Ex-Pali High Coach Juliano Writes
The Palisadian-Post has been covering the story of my firing from Palisades Charter High School as wrestling coach. I gave the Post all the emails I got from (angry parent) Dan Hansen and the school, and spent a lot of time on the phone with your reporter telling him my side of the story.
Yet, every headline and story made me look like the one in the wrong, the maniac, the one with the problem. I am very disappointed.
You have told the story of Dan Hansen from his side, making him sound like the victim of what I said in the heat of the moment.
But this (altercation that resulted in the dismissal) came after being badgered for more than six months, during which time he spread rumors and false stories about me all over town and the wrestling community.
The school knew and did nothing to protect me or stop his aggressive behavior or do anything about him breaking the rules of the school.
He said I lied, cheated and stole from him, yet has no proof of any of that.
And he had a hand in a teacher being fired and two other coaches, including Steve Cifonelli, last year’s wrestling coach.
Also, you never asked all the girls on the softball team who said Cifonelli did not throw a bat at anyone.
Your paper talked to just one parent, Dan Hansen.
You have not talked to all the other parents who not only are only on my side but love me and support me.
You never talked to the parent who Dan Hansen not only told how to threaten a teacher with suing to help her daughter’s grades but that it was his goal to have me fired this year!
(Many people) have complained their voices were not heard.
I have been with the school, coaching the wrestling team for seven years, but I was fired before the parents could stand up and talk for me.
It has not been mentioned I raised the money for the new mats in the wrestling room.
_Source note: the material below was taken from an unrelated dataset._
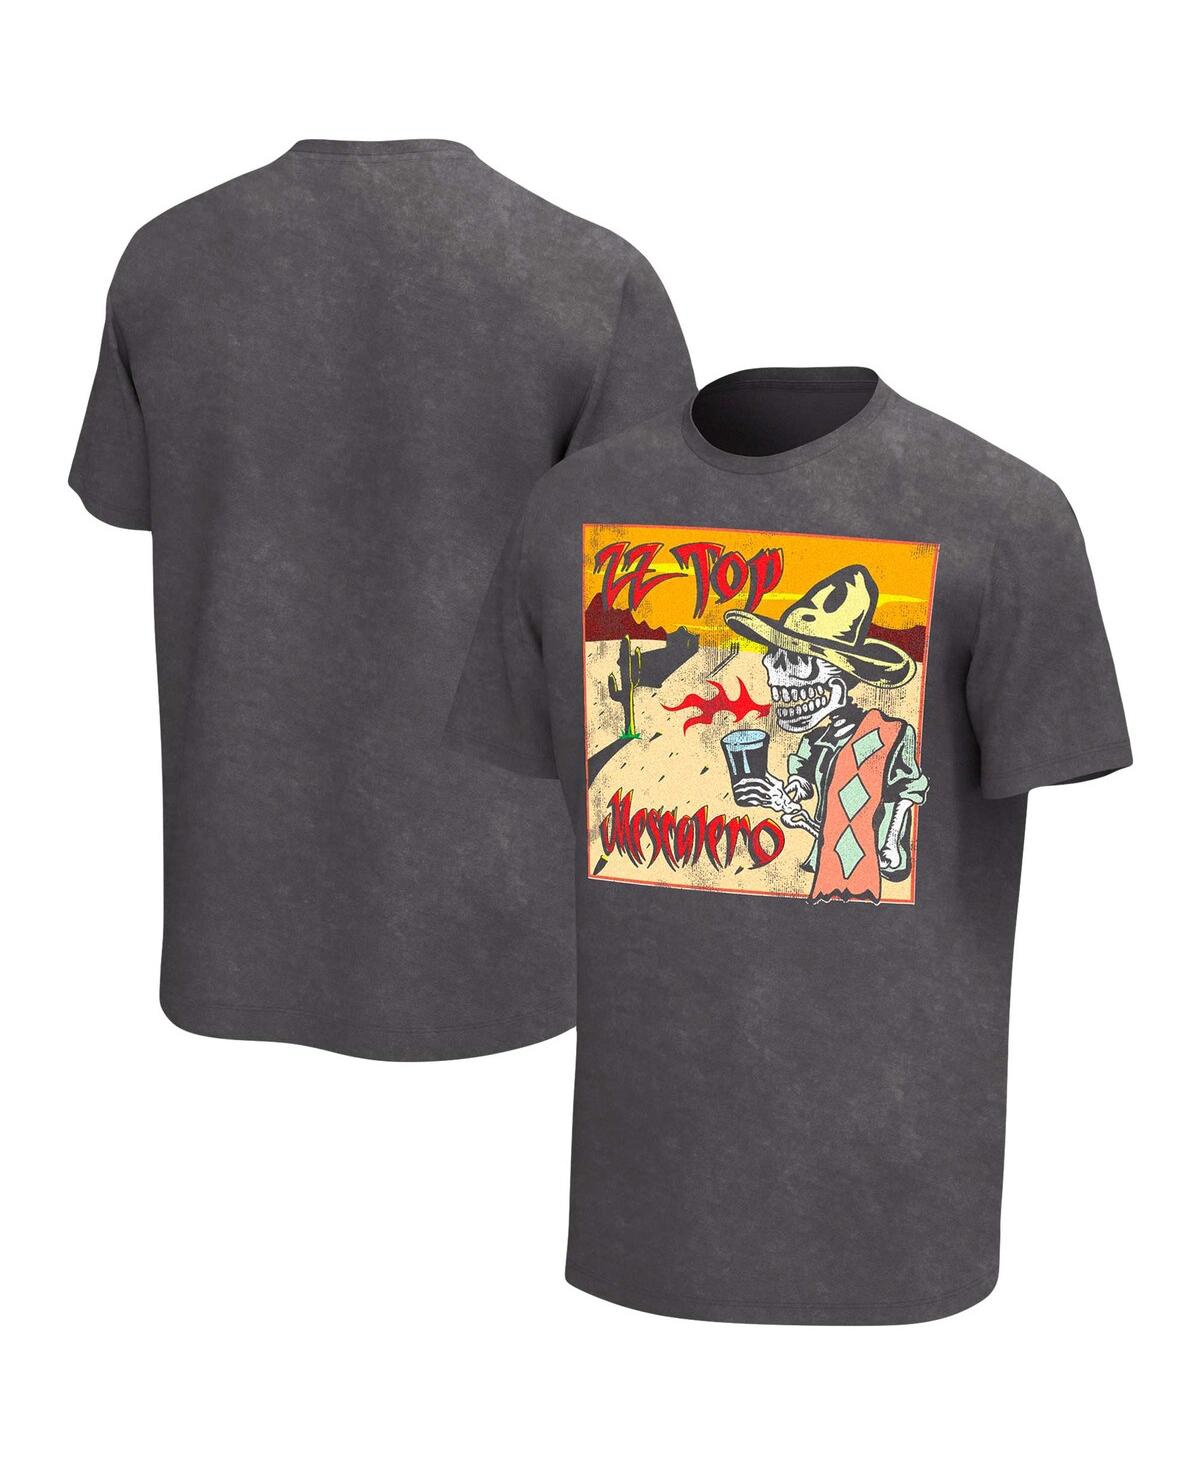 Philcos Men's Charcoal Zz Top Mescalero Washed Graphic T-shirt

I put them all up on the walls, as well as pull-up bars, ropes and a peg board. I dumped a lot of my own money into building a beautiful room that the kids would be proud of.
The school has not spent a dime on doing any of the work.
I feel this story has not been told to the best of the ability of your paper!
Aldo Juliano
Dining Out
As a 20-year Pacific Palisades resident, foodie and former restaurateur, I’ve long lamented that restaurants on our gorgeous California shore are so often both expensive and terrible—the first goes along with the rent, but the second is just lamentable. (Don’t get me started on Perry’s vs. nearly any beach restaurant in Spain or Italy.)
So, I was excited to hear that Wolfgang Puck might be instrumental in the redevelopment of the Gladstones site.
The Austrian-gone-Californian is still, 36 years after opening Spago, a maniac for quality. He not only keeps his standards high, but evolves with the times—and in the restaurant business, trends shift nearly as fast as women’s fashion.
I enjoyed a couple of meals recently at Spago, and it’s still a fabulous, vibrant, relevant place while so many of its contemporaries are long gone or hopelessly dated.
And just last week, I dined at Rogue, Puck’s new modernist experimental kitchen in the Pacific Design Center. The menu changes every week but nearly every dish was amazing—and superbly modern.
So, there is every reason to hope that he and his team can “do it right” down where Sunset meets the Pacific. And I think a new building is the way to go.
Nobu Malibu has proved that if you have good food and great atmosphere by the beach, people will pack in even at exorbitant prices, but for many years, Gladstones has had neither.
I lived for the better part of a decade walking distance from the place and I probably went two or three times.
It wasn’t because it was expensive, either. It just didn’t impress.
That location needs a space that takes advantage of the view, that allows you to feel the breeze and hear the sea on a nice day and to just see it on a colder (or windy) one.
It needs great contemporary cocktails and wine, amazing food, seamless hospitality, and most importantly, that LA je ne sais quoi of being one of those places you have to be and be seen at.
Puck has proven he intuitively understands those things, so there is every reason to believe he can deliver on them … albeit after several years of hearings, permits and construction.